The fastest possible speed of sound has been recorded for the first time which is about 36 km per second.
The result is around twice as fast as the speed of sound in diamond, the hardest known material in the world, said the researchers from Queen Mary University of London, the University of Cambridge and the Institute for High Pressure Physics in Troitsk, Moscow.
Sound waves can travel through different mediums, such as air or water, and move at different speeds depending on what they're travelling through.
For example, they move through solids much faster than they would through liquids or gases, which is why we are able to hear an approaching train much faster if you listen to the sound propagating in the rail track rather than through the air.

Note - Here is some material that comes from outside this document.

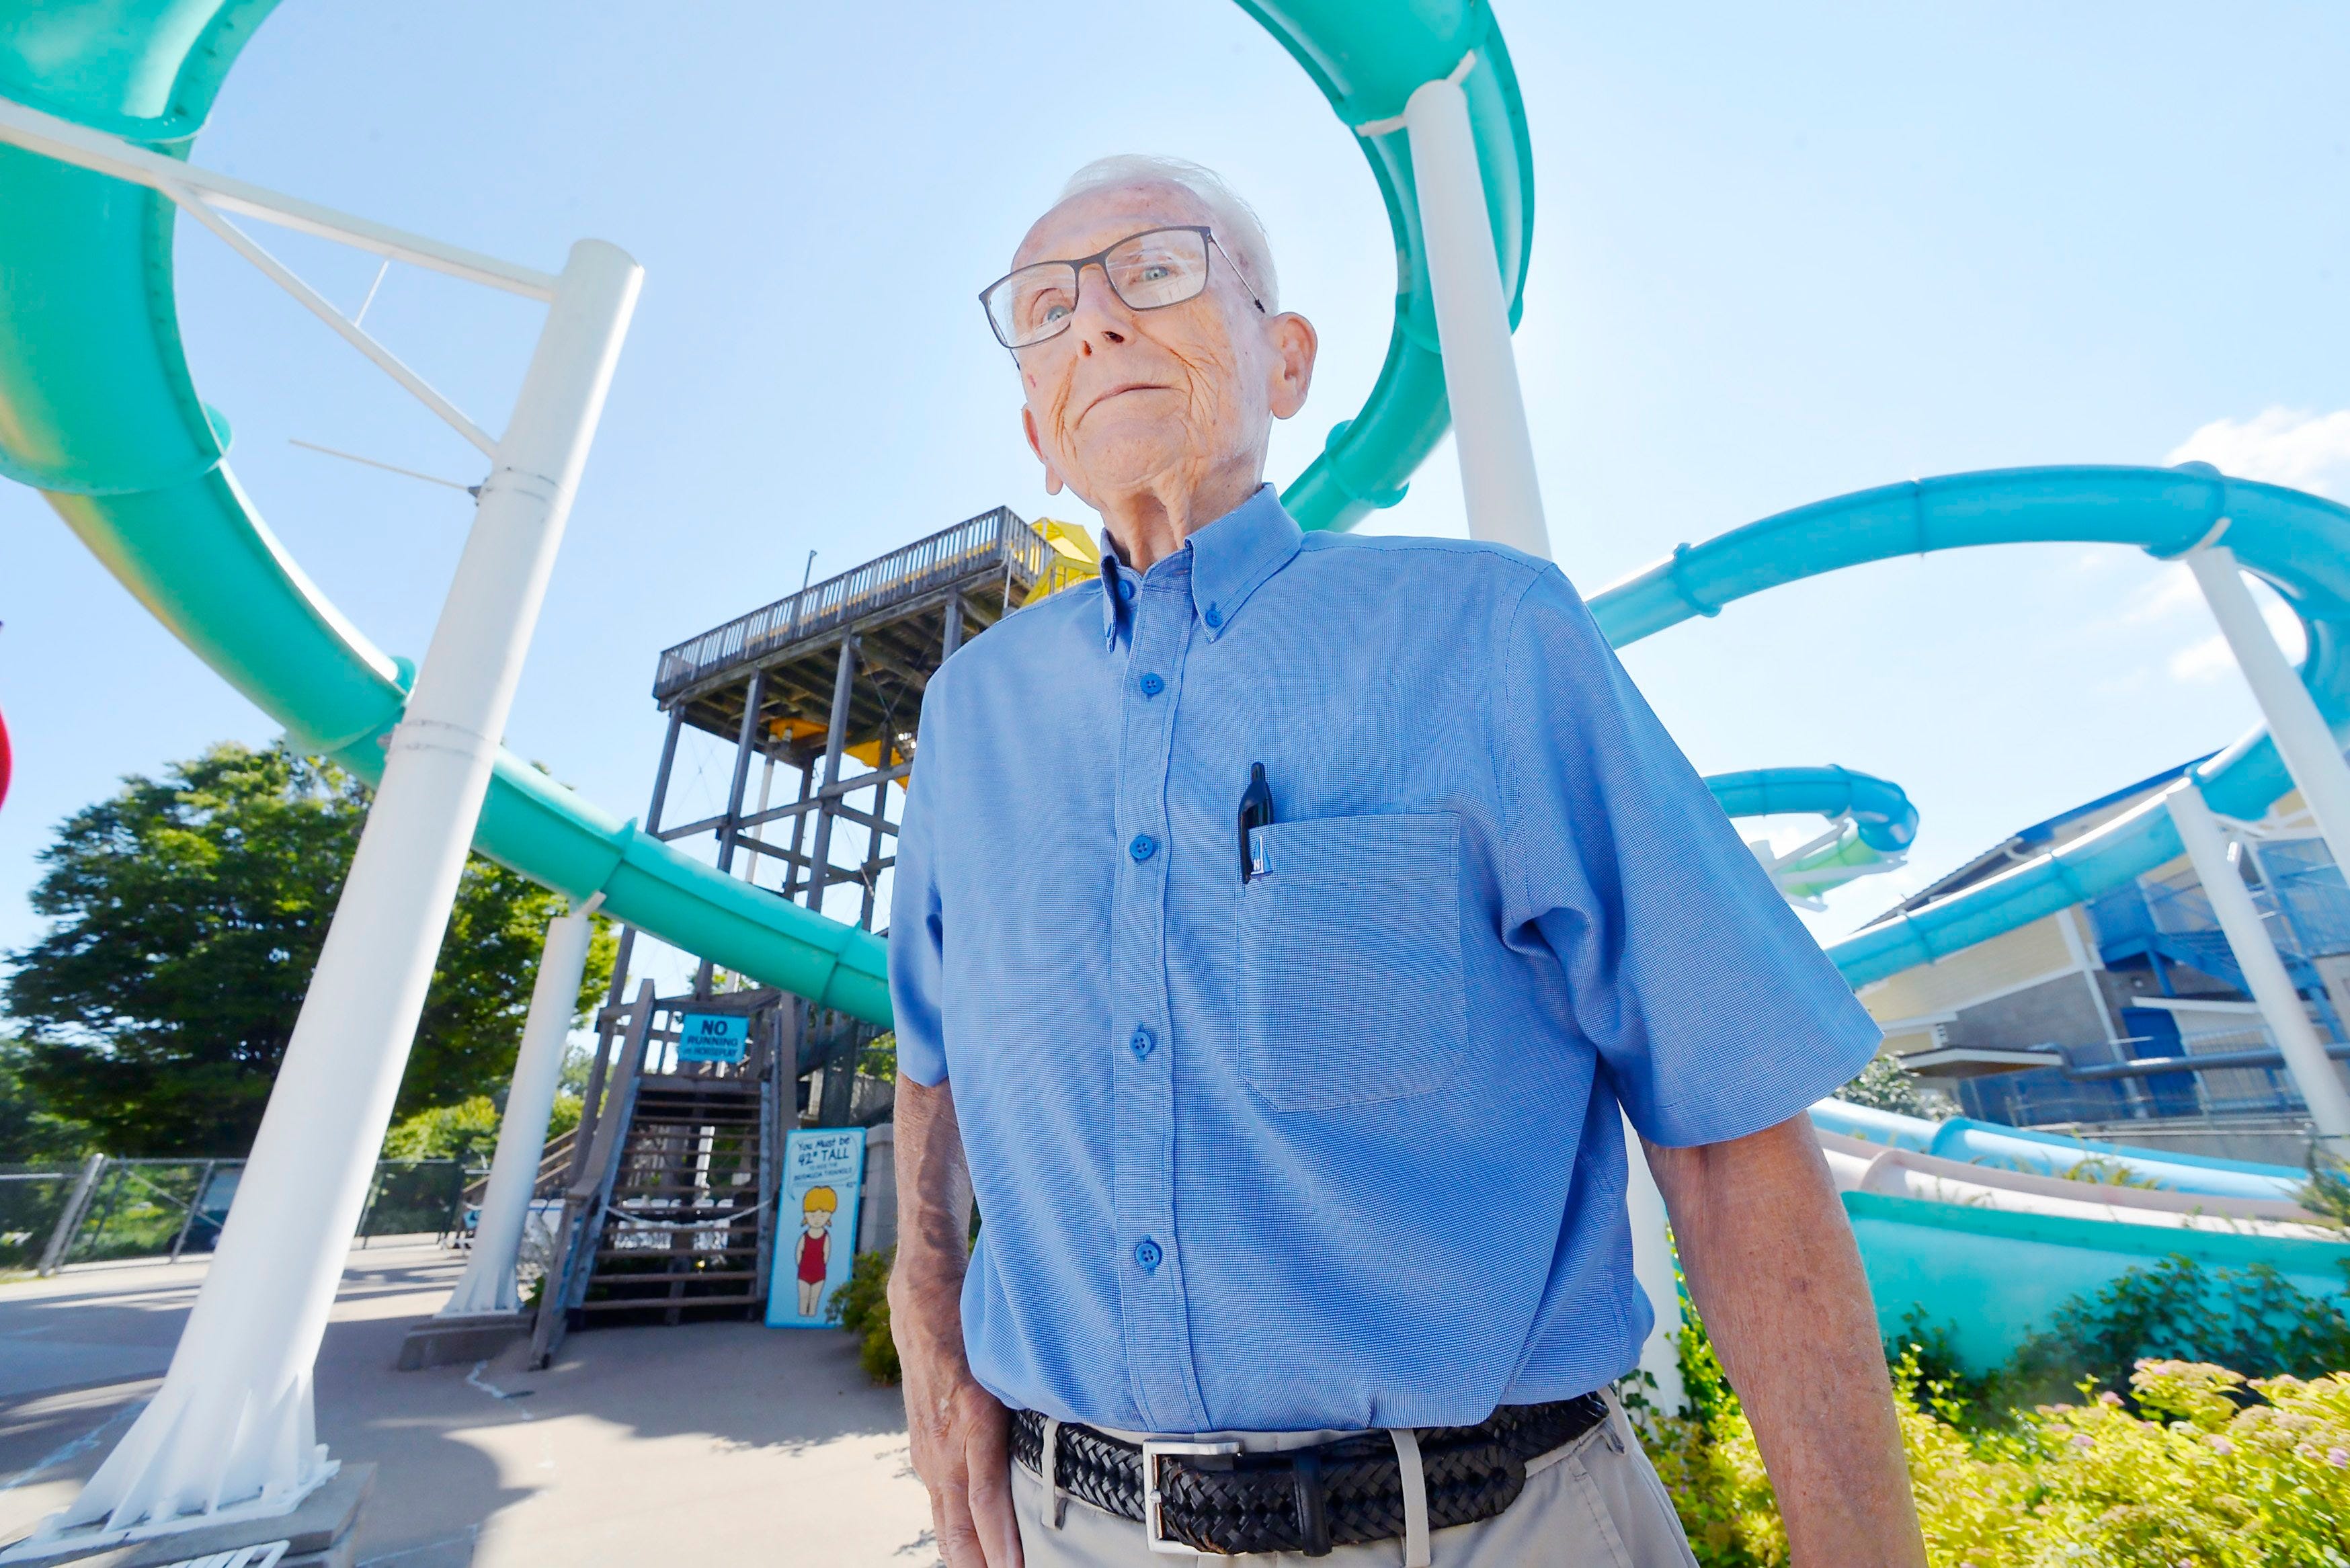 Waldameer Park & Water World owner Paul Nelson, 89, describes the path of a new $9 million water slide planned for the park during a tour in Millcreek Township on Aug. 27.
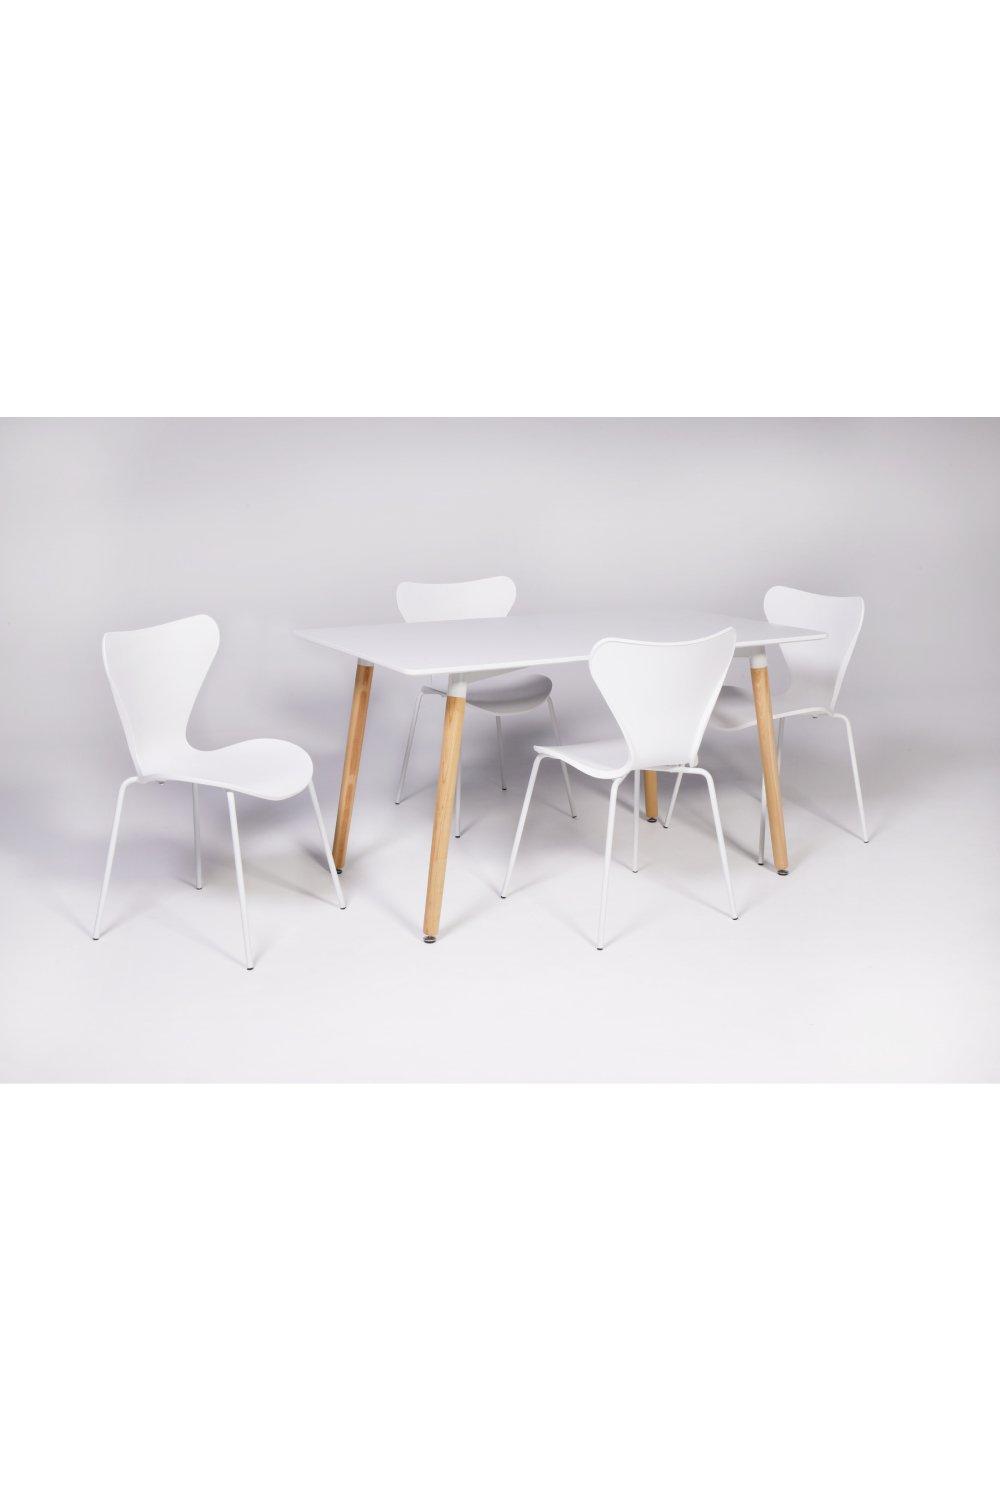 Bailey 140cm Dining Table Set with 4 Fleur Chairs in White

Einstein's theory of special relativity sets the absolute speed limit at which a wave can travel which is the speed of light, and is equal to about 300,000 km per second.
However, it was not known to date whether sound waves also have an upper speed limit when travelling through solids or liquids.
"Sound waves in solids are already hugely important across many scientific fields. For example, seismologists use sound waves initiated by earthquakes deep in the Earth interior to understand the nature of seismic events and the properties of Earth composition," explained Professor Chris Pickard, Professor of Materials Science at the University of Cambridge.
The study, published in the journal Science Advances, shows that predicting the upper limit of the speed of sound is dependent on two dimensionless fundamental constants -- the fine structure constant and the proton-to-electron mass ratio.
The new findings suggest that these two fundamental constants can also influence other scientific fields, such as materials science and condensed matter physics, by setting limits to specific material properties such as the speed of sound.
The scientists tested their theoretical prediction on a wide range of materials and addressed one specific prediction of their theory that the speed of sound should decrease with the mass of the atom.
This prediction implies that the sound is the fastest in solid atomic hydrogen.
Researchers performed state-of-the-art quantum mechanical calculations to test this prediction and found that the speed of sound in solid atomic hydrogen is close to the theoretical fundamental limit.
"Sound waves are also of interest to materials scientists because sound waves are related to important elastic properties including the ability to resist stress," Pickard said.